The impression is very much that they have done this in response to public opinion, with many opinion polls showing a clear majority in favour of compulsory mask wearing. However, this isn’t borne out by people’s actual behaviour on the ground. From my observation, well below a quarter of supermarket customers are wearing masks. It seems that many people want the government to force them to do something they’re unwilling to do of their own volition. This is rather akin to those wealthy people who call for higher taxes, but never actually write out any cheques to HMRC themselves, which they’re perfectly entitled to do.
It’s important to note that the rules refer to “face coverings” rather than specifically to purpose-made masks, so it’s perfectly possible to use ones made from old scarves or T-shirts. How effective those will be is obviously highly questionable. No specification is given, so no objection could be raised to wearing the plague doctor costume shown above, or to flimsy items which were only intended as decorative costume adornments. On the other hand, the Welsh government has decided that all public transport passengers will be required to wear three-ply masks, which will need considerable skills in needlework if you want to make them yourself.
The way masks are actually worn also leaves much to be desired. In theory, the disposable ones that seem to be most popular are only supposed to be worn once. Take it off, for whatever reason, and you really should put a fresh one on. But how often is that going to be adhered to, especially since many of the mask zealots in the media keep telling us how easy it is to slip them off and on again? And how often are the home-made ones going to be washed in practice? Once a week if you’re lucky. Plus, the actual disposal of all the disposable masks is going to create an enormous waste problem. It’s also noticeable that all of them seem to have been made in China!
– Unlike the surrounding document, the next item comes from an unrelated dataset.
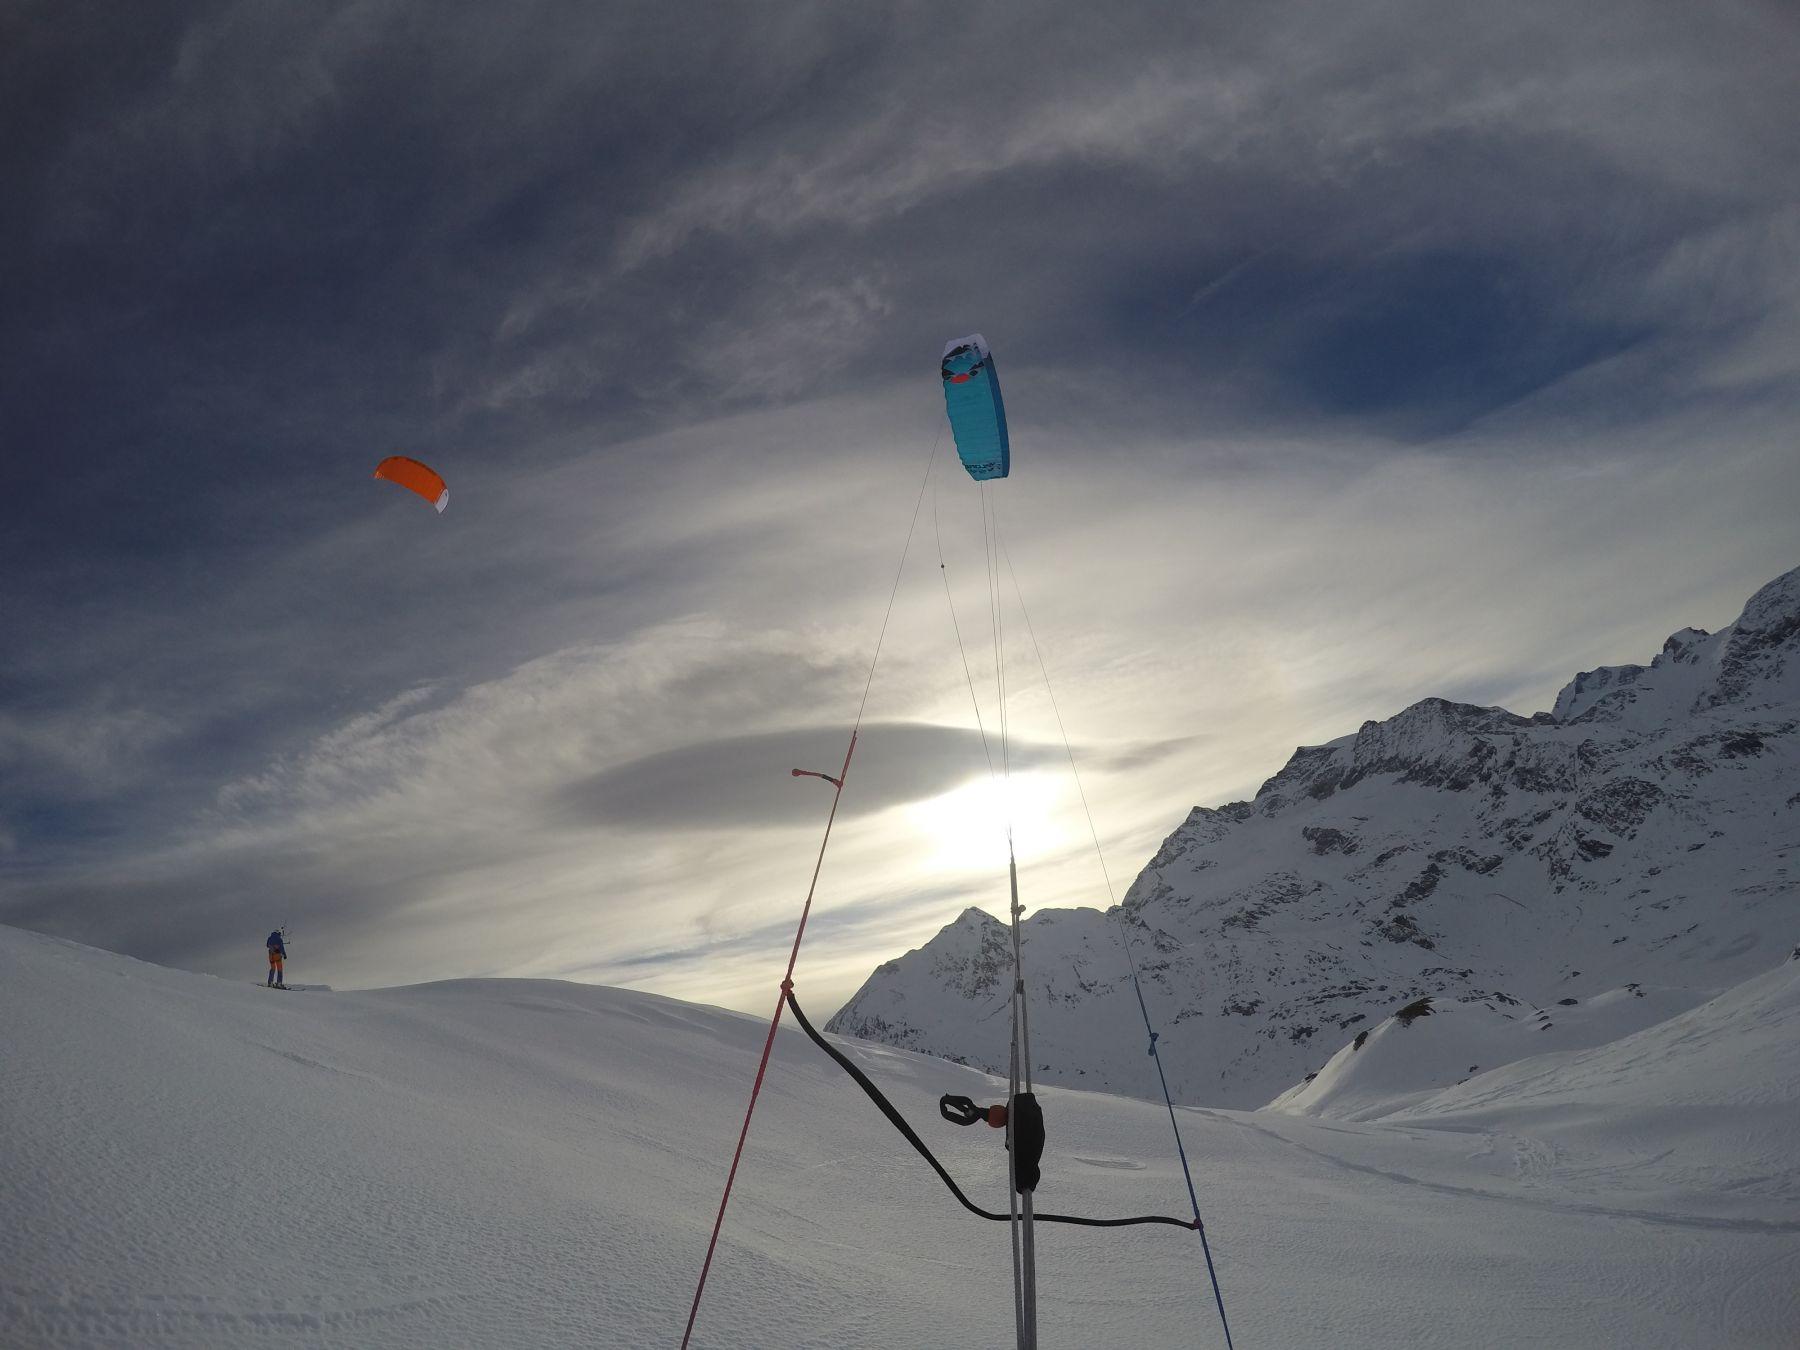 Ozonekites_ExploreV1_snowkite_odenwald_Passo_Bernina_backcountry_3

Many people have genuine medical reasons for being exempt from wearing a face covering. For example, experts have warned that people with asthma should not wear masks. But it is likely that they will have to endure bullying and harassment, both from staff and other customers, if they turn up at a shop without one. And many deaf people depend on lip-reading to communicate with others, and are going to be made to feel even more isolated.
People may well grudgingly put up with wearing a mask when nipping round the supermarket for essentials. But it makes going out shopping a much less enjoyable experience, and will act as a serious deterrent to more extended expeditions for leisure shopping, especially for clothing. A month after “non-essential” shops were allowed to reopen, High Streets are still seeing greatly reduced trade, and making shoppers wear masks is likely to bring any hopes of revival to a juddering halt.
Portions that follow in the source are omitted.